= Maltoside =

Class of chemical compounds

Chemical structure of n-decyl-β-D-maltopyranoside (DM)

A maltoside is a glycoside with maltose as the glycone (sugar) functional group. Among the most common are alkyl maltosides, which contain hydrophobic alkyl chains as the aglycone. Given their amphiphilic properties, these comprise a class of detergents, where variation in the alkyl chain confers a range of detergent properties including CMC and solubility.

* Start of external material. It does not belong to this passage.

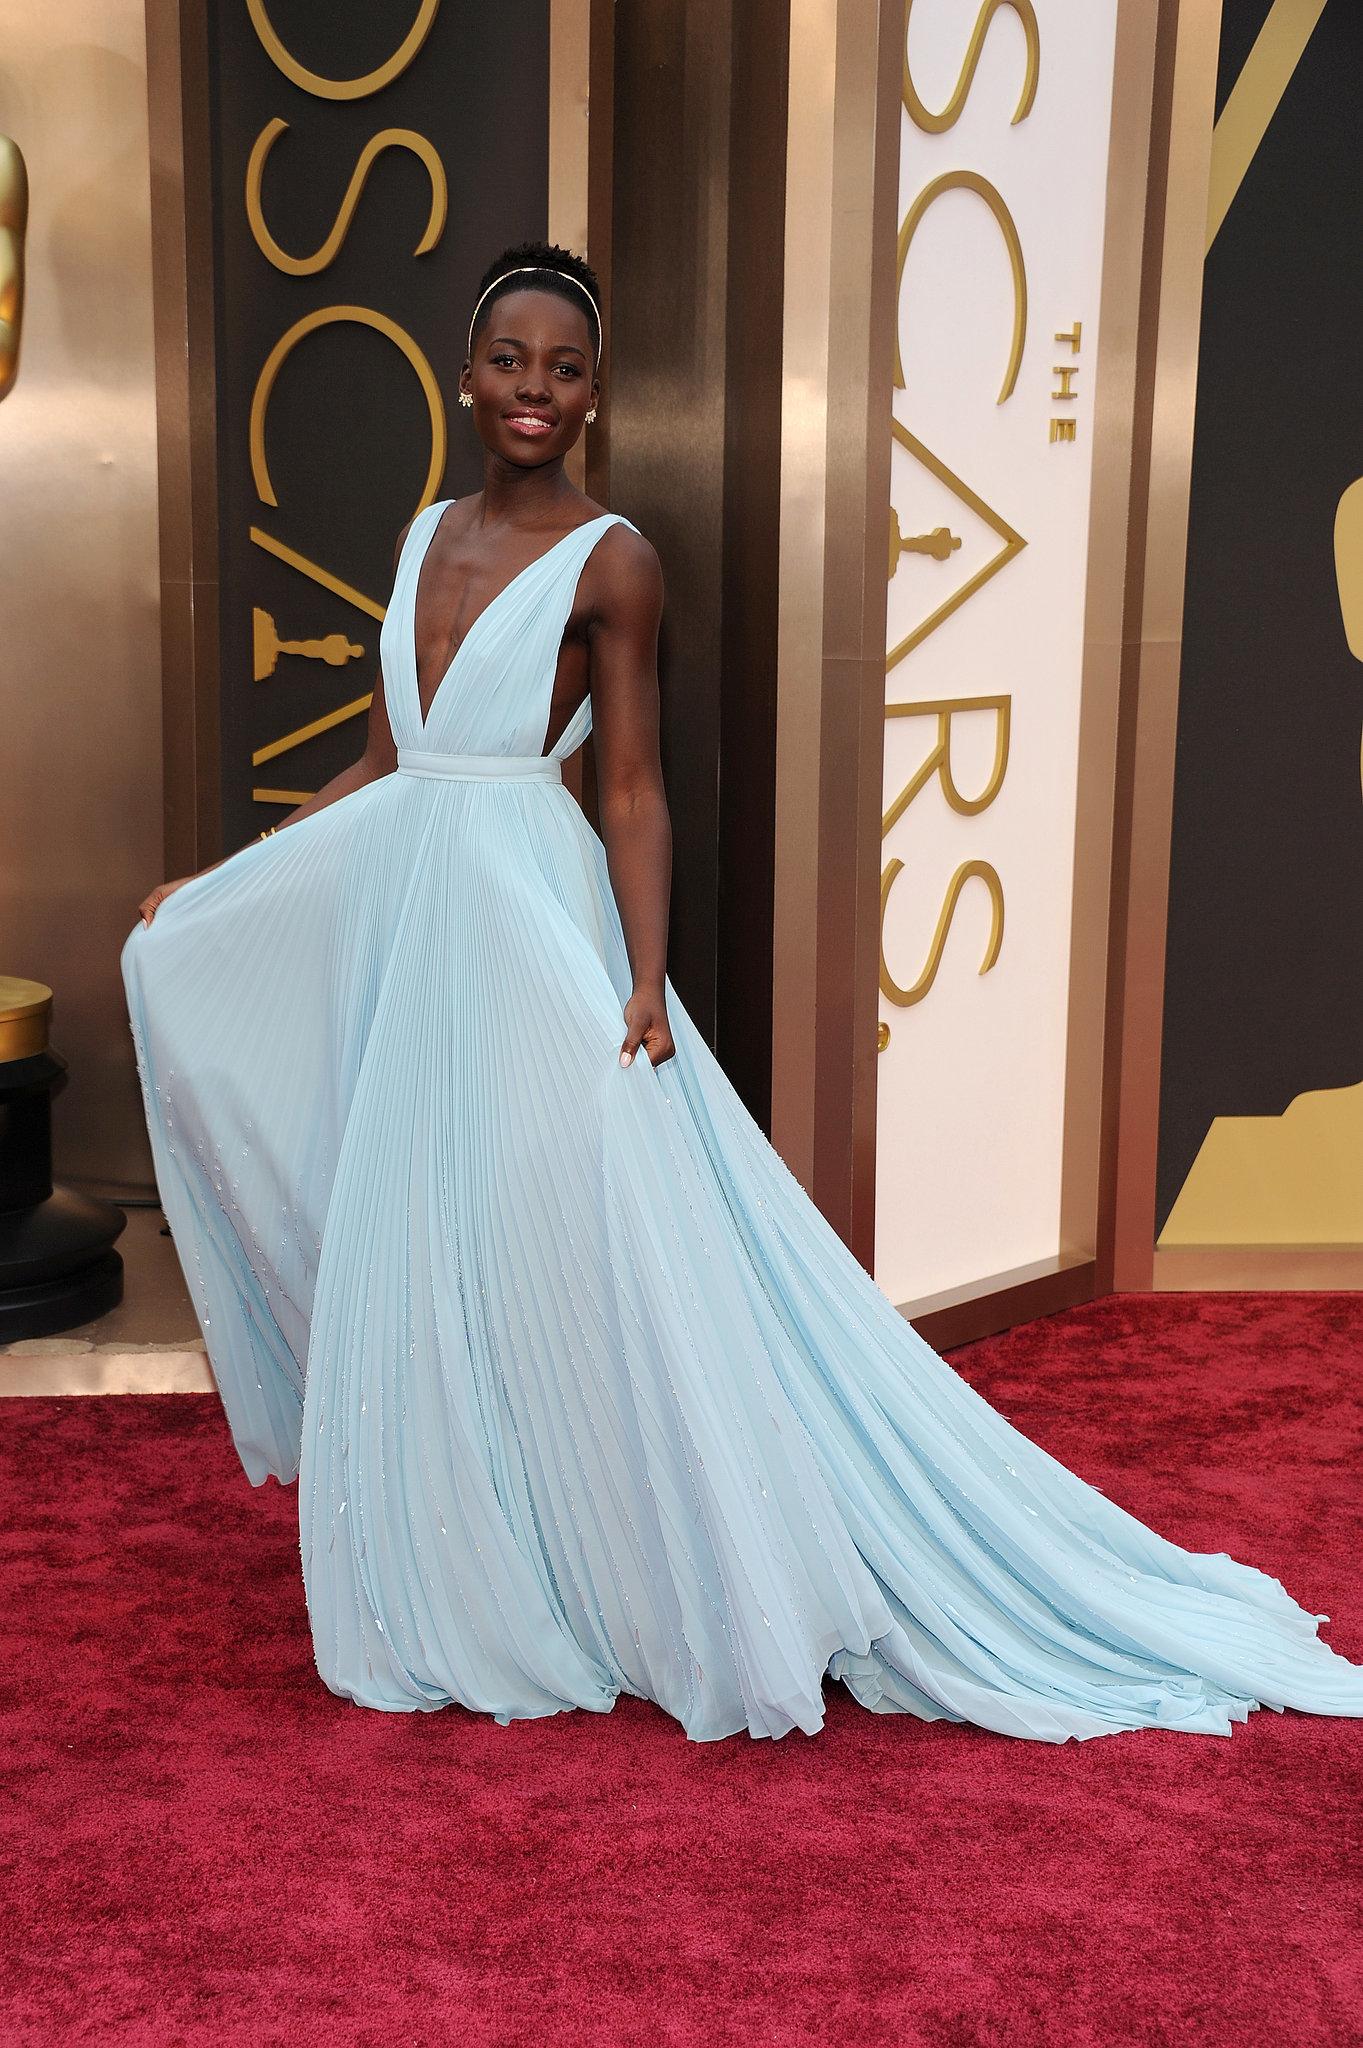 Lupita-Nyongo-Prada-Dress-Oscars-2014-02.jpg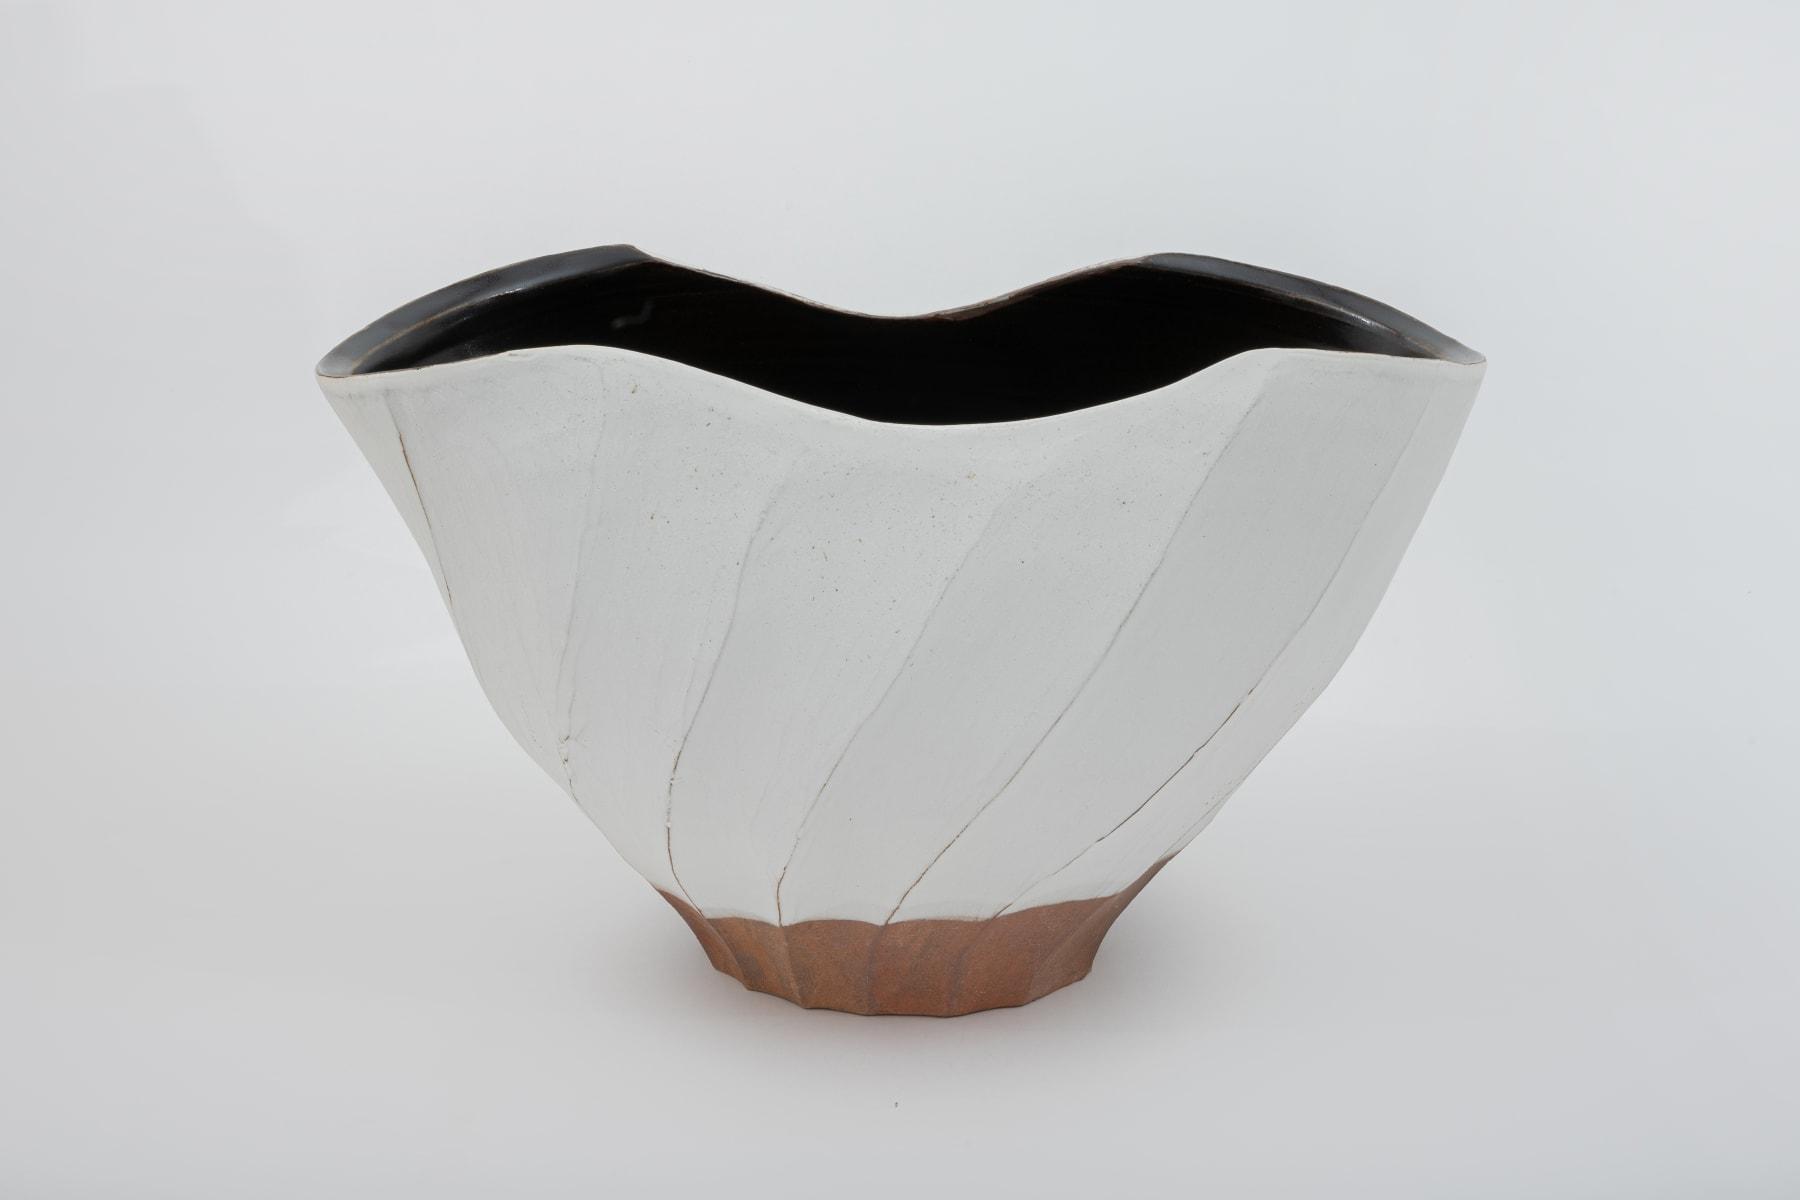 Hosai Matsubayashi XVI, Kohiki and Black glaze Vase / 花器 粉引黒釉, 2020

Maltosides are most often used for the solubilization and purification of membrane proteins.

== History ==
In 1980 Ferguson-Miller et al. at Michigan State developed n-dodecyl-β-D-maltopyranoside (DDM) as part of a successful effort to purify an active, stable, monodisperse form of cytochrome c oxidase. Maltosides have been used extensively to stabilize membrane proteins for biophysical and structural studies.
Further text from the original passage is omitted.